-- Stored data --
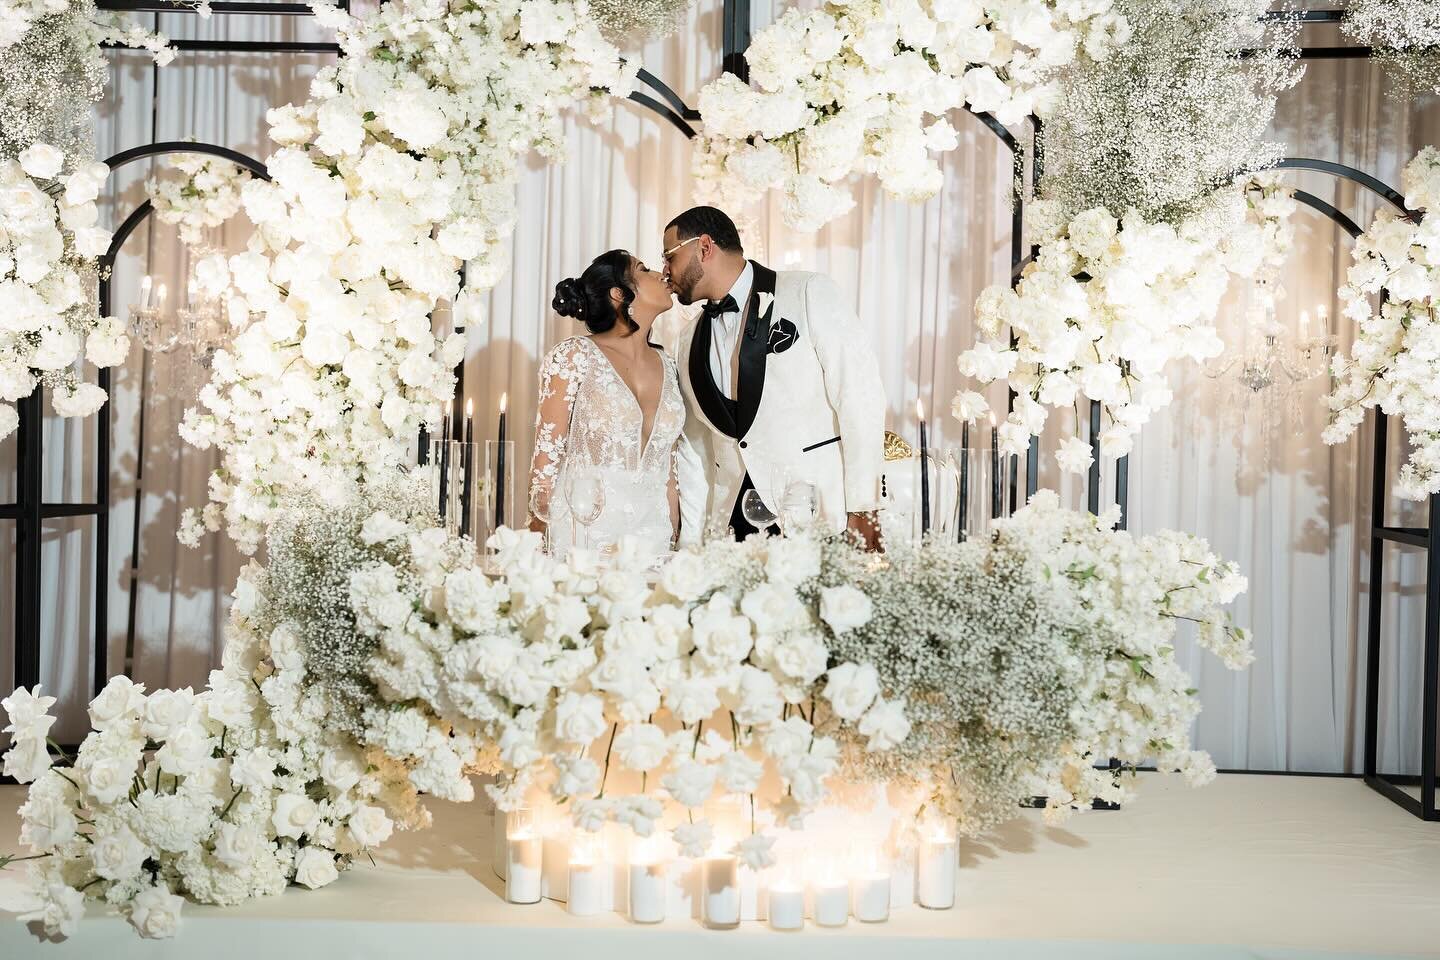 Clouds of baby&rsquo;s breath and white roses get a modern edge with pops of black. 🖤
#WeddedEvents 

Bride &amp; Groom @dottypop &amp; @shawn923_
Photography: @weddings_by_carlos
Wedding Venue: @crystalplaza
Flowers: @Weddedevents
Video: @Heatz
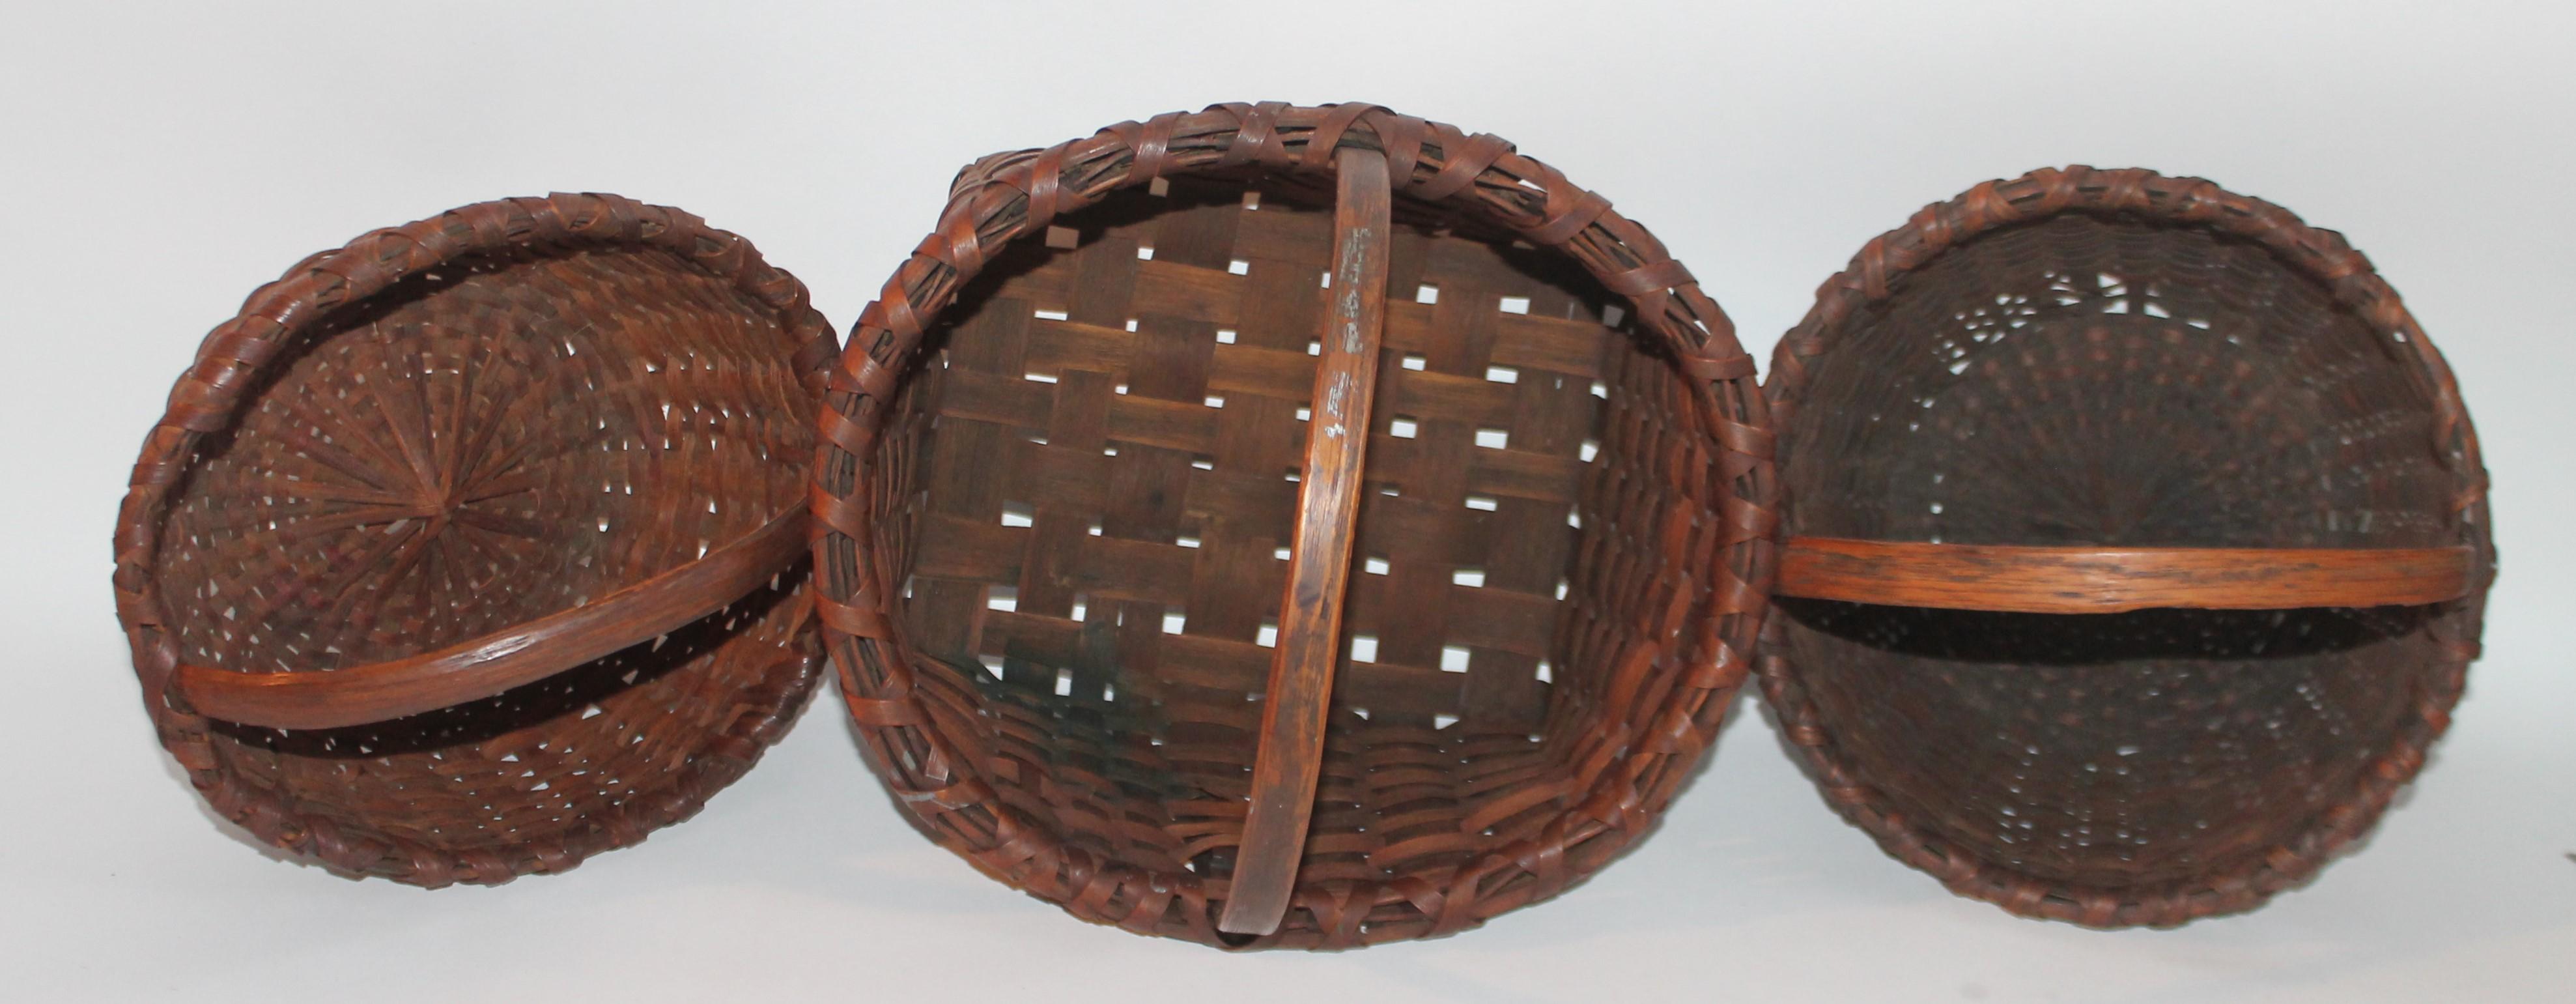 Adirondack Collection of 19th Century Baskets For Sale

-- TO DO --
When the line containing "#WeddedEvents" is reached, write out that line and each one after it exactly, ending with the last line of the records; pictures are not copied.

-- FINAL ANSWER --
#WeddedEvents 

Bride &amp; Groom @dottypop &amp; @shawn923_
Photography: @weddings_by_carlos
Wedding Venue: @crystalplaza
Flowers: @Weddedevents
Video: @Heatz
 Adirondack Collection of 19th Century Baskets For Sale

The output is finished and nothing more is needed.